Summarizing "misses" table help

dupremarye · February 7, 2019, 4:56pm

Hi all,

I need a bit of assistance at attempting to summarize my "misses" OTU table after filtering sequences that matched less than 80% with the UNITE database. This has been recommended to me to check the total number of sequences are were filtered out of my samples. Below is the code that generated the "misses" file, as well as a screen shot that includes the summarized format. How can I summarize this table in qiime2 to visualize the total number of sequences filtered out?

Thank you,
Mary Ellyn

qiime quality-control exclude-seqs
--i-query-sequences table.qza
--i-reference-sequences sh_refs_qiime_ver7_dynamic_01.12.2017_NO_CONTAMS.qza
--p-method blast
--p-perc-identity 0.8
--p-perc-query-aligned 0.8
--o-sequence-hits hits-8-8.qza
--o-sequence-misses misses-8-8.qza

Nicholas_Bokulich · February 7, 2019, 6:44pm

You have two options:

export the filtered and unfiltered sequences to count the number of lines
use qiime feature-table filter-features --i-table table.qza --m-metadata-file hits-8-8.qza to filter your feature table to only contain "hits". Then use qiime feature-table summarize to summarize the filtered and unfiltered tables. That visualization will contain a count of total features, which you can use to compare these tables.

I hope that helps!

dupremarye · February 12, 2019, 7:16pm

Maybe I'm just confused by the hits/misses output, so if you could explain this process to me that would be very helpful.

I start out with my table.qza file where (when visualized) each sample has a sequence count of at least 2,000 and going up to ~15,000 sequences each. When I run the code I posted above, it tabulates the sequences into features (total hits and misses ~3500) which is not what I'm interested in? I want to see the whole dataset and the number of sequences that have been filtered out in order to better understand the quality of my filtering process.

Let me know if you need anything from me to better understand my confusion. Thanks!

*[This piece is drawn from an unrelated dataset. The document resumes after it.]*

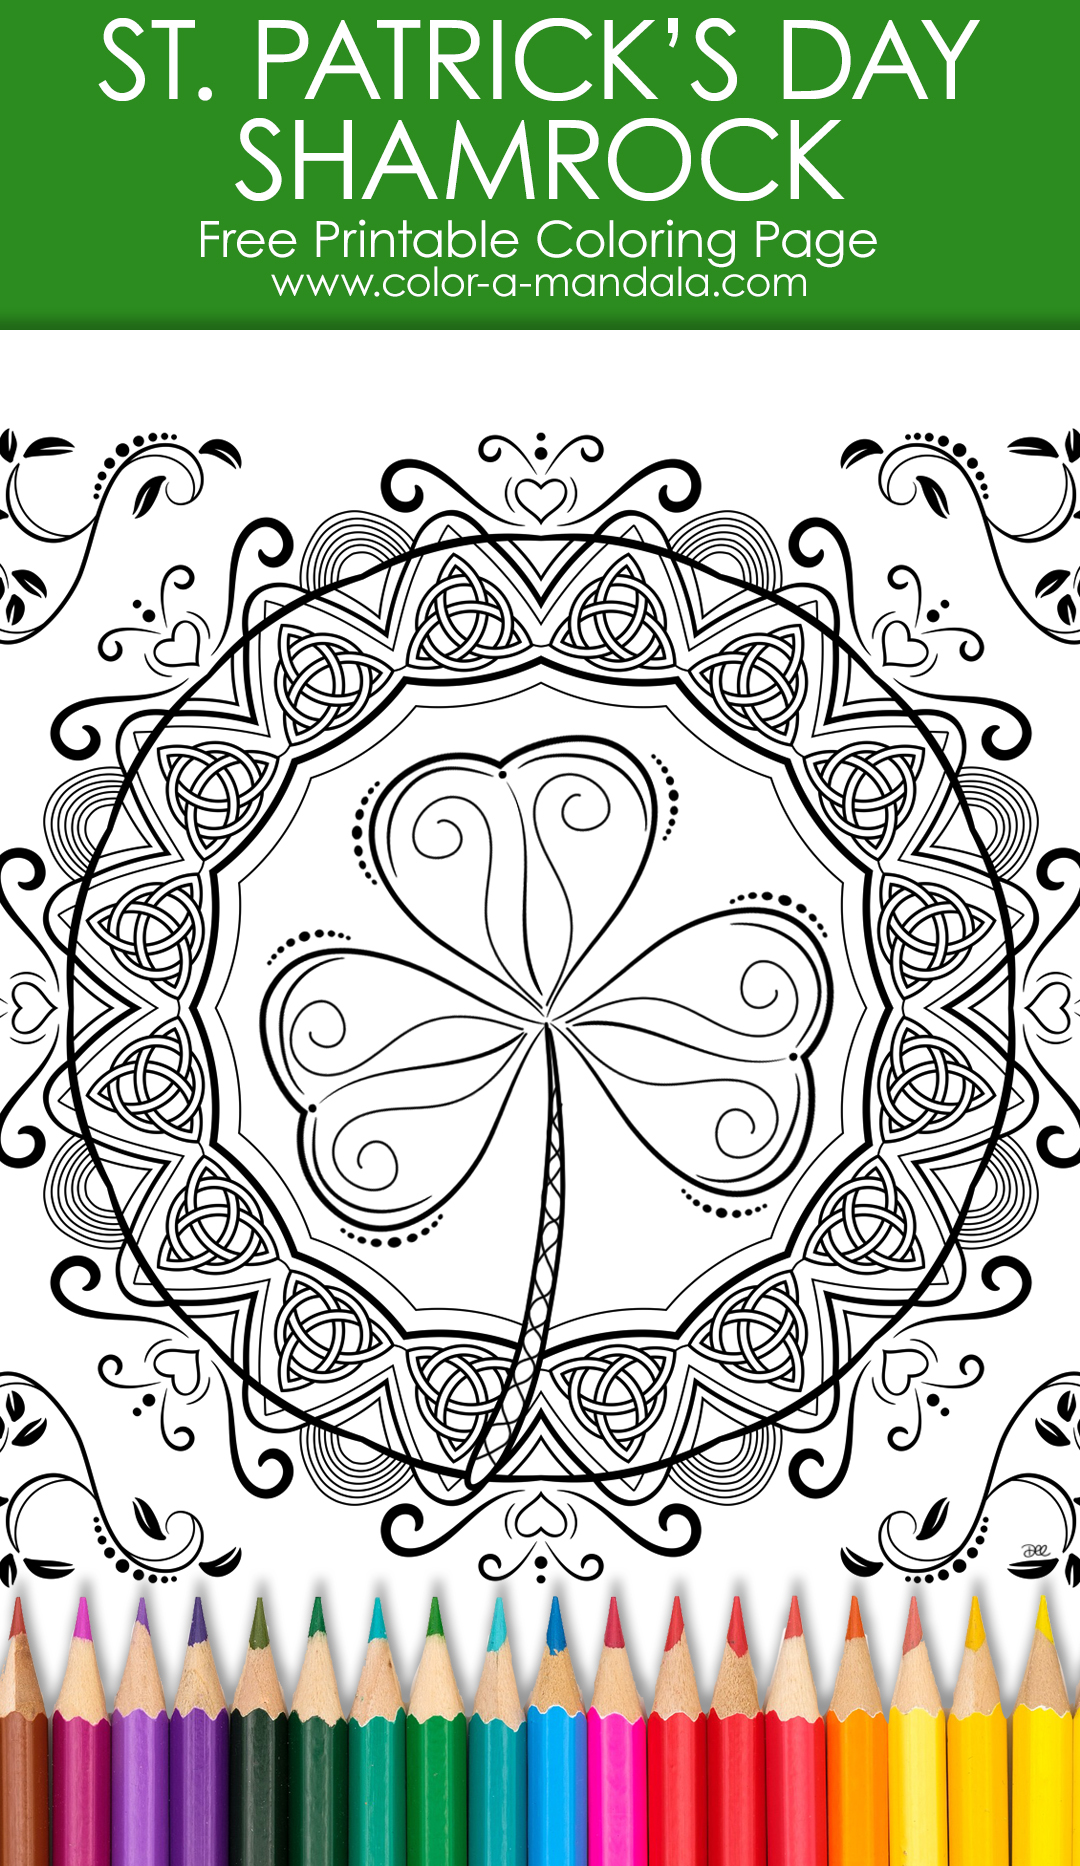 St Patrick's Day Shamrock coloring page image

Nicholas_Bokulich · February 13, 2019, 3:41am

Perhaps the confusion is on my end. exclude-seqs is going to just split your sequences into those that hit the reference sequences, and those that miss. Using filter-features will then filter the misses from your feature table so that it only contains hits. Running summarize on both of those tables will tabulate the total number of sequences in each table — so you can compare how filtering impacts sequence depth, and the difference between the two will indicate the number of sequences that have been removed. That sounds like the comparison that you want to make — if it is not, please share these summary files and maybe describe in more detail how this differs from your goals.

system · March 16, 2019, 9:41am

This topic was automatically closed 31 days after the last reply. New replies are no longer allowed.